Wenn wir über den GOAT der Formel 1 reden, dann fallen grundsätzlich Namen wie Senna, Schumacher, Hamilton und eben Verstappen. Alle dieser Fahrer haben eine Gemeinsamkeit: Sie waren nicht immer fair in den Zweikämpfen. Und genau das kann den Ausschlag geben. Natürlich kann man auch lieb und nett einen Titel holen, das kommt immer wieder mal vor. Aber gerade jetzt, wo die Autos so dicht beieinander sind, wird es schwieriger. Norris leistet sich zu viele Fehler, einer davon ist ein zögerliches Verhalten im Zweikampf. In Miami haben wir es gut gesehen, er steckte etliche Runden hinter Verstappen fest, weil er kein Risiko eingehen wollte. Währenddessen konnte Piastri vorne wegziehen. Als er endlich vorbei war, waren die Siegchancen hin. Aber die Weltmeisterschaft ist ein Marathon, wie immer wieder gesagt wird. Wir haben erst ein Viertel hinter uns, es sind noch alle Chancen offen. Und Lando weiß auch, dass nicht Max sein Rivale ist, sondern eben Oscar. Einen Crash riskieren und am Ende eventuell ohne Punkte heimgehen? Oder lieber weniger Punkte mitnehmen und den Abstand nicht zu groß werden lassen?
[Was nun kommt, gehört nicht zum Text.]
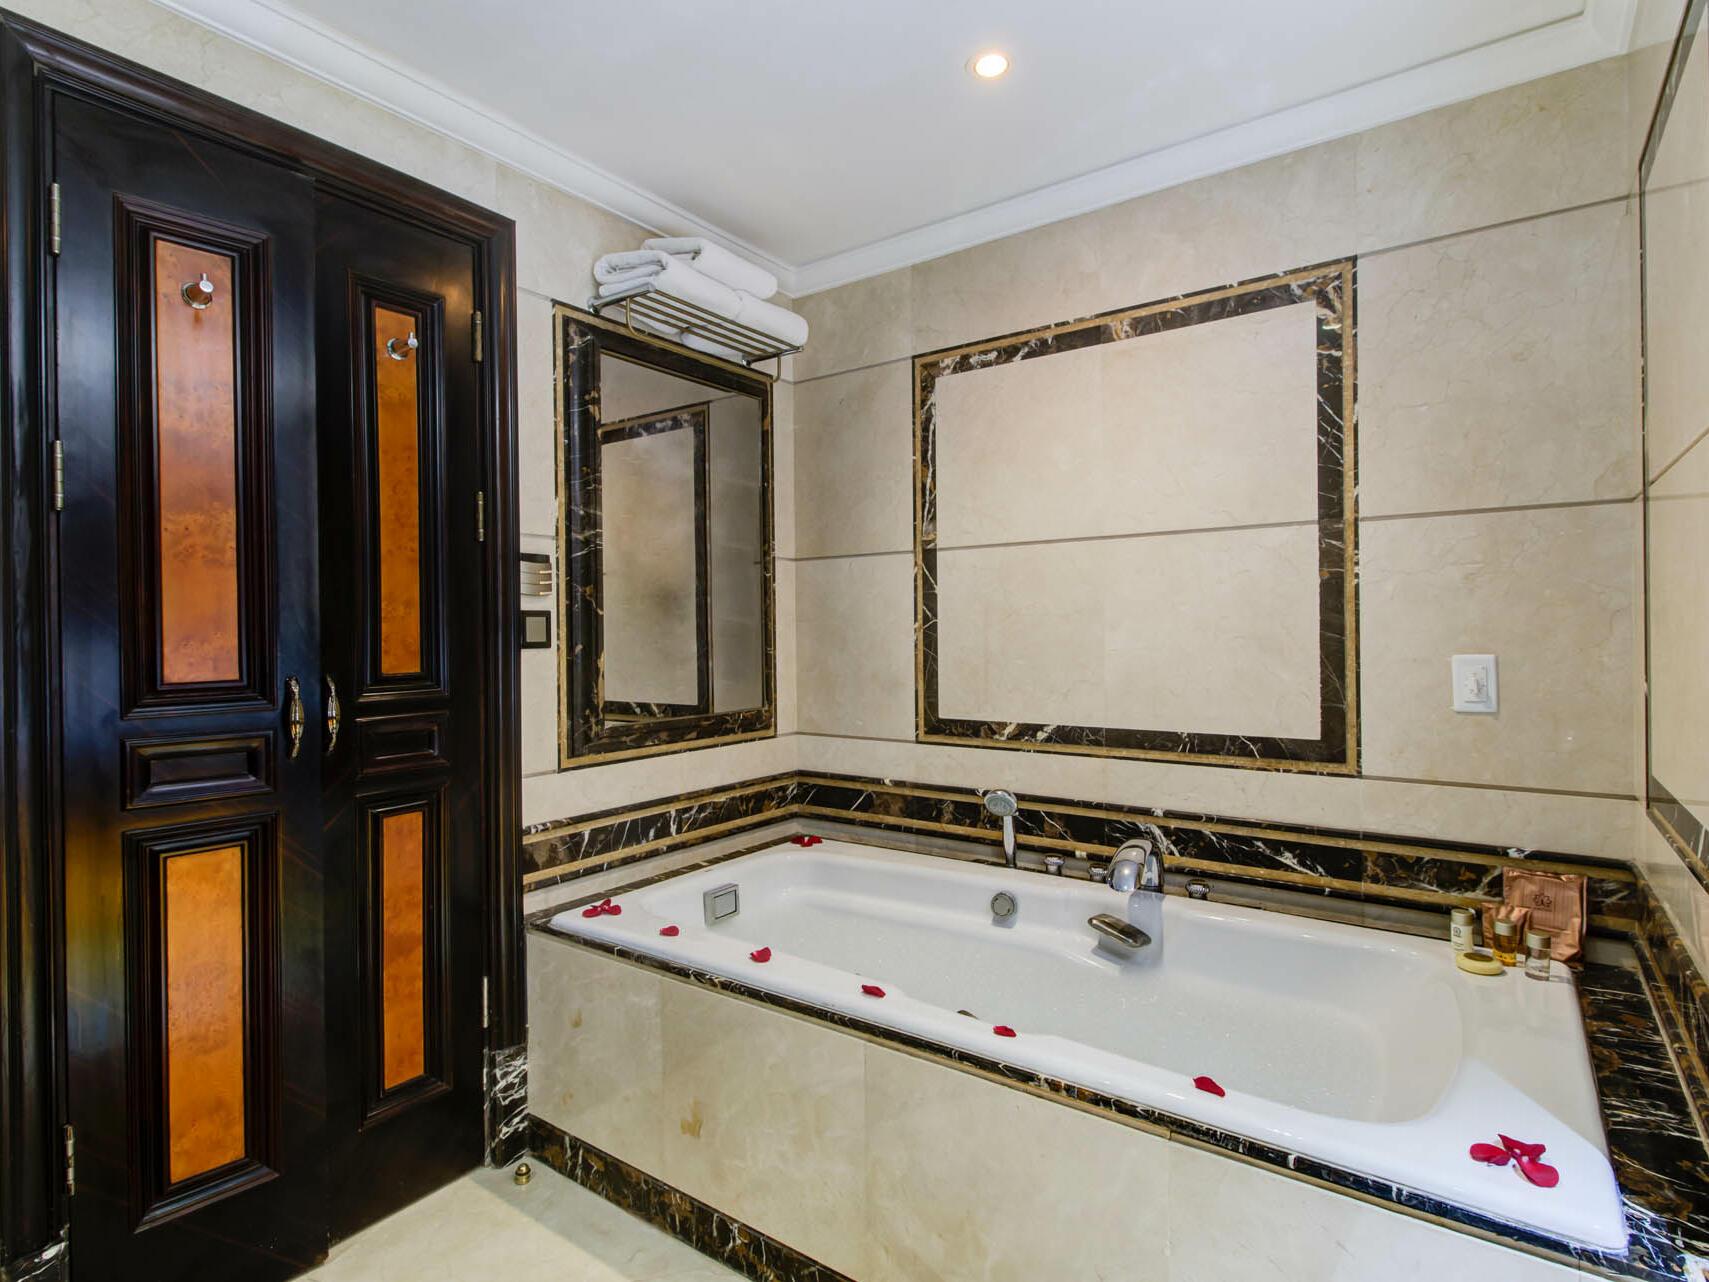 Premium Suite at Narcissus Hotel & Spa Riyadh

Ich sehe Parallelen zu Mercedes, zu Beginn ihrer dominanten Jahre. Waren Rosberg und Hamilton 2014 relativ auf Augenhöhe unterwegs, die Entscheidung fiel bekanntlich erst im letzten Rennen, war es 2015 deutlicher für Hamilton. Rosberg zog in Zweikämpfen mit Hamilton oft zurück und ging dem Briten aus dem Weg. Erst als er kaltschnäuziger und aggressiver wurde – also nicht immer ganz fair unterwegs – konnte er sich den Titel auch holen. Dabei muss man nicht unbedingt die Regeln hart dehnen und Strafen riskieren, es reicht eben eine gewisse Abgebrühtheit. Diese scheint sein Titelrivale aus dem gleichen Team zu besitzen, schon im letzten Jahr ging er in Monza ohne Rücksicht auf Verluste an Norris vorbei.
Wenn Norris in diesem Jahr noch den Titel holen will, dann muss er genau daran arbeiten. Die Chance ist in diesem Jahr da – und McLaren muss aufpassen, dass nicht am Ende ein dritter Fahrer wie 2007 den Titel unverhofft abräumt. Bei den Konstrukteuren wird der Titel aber wohl wieder nach Woking gehen.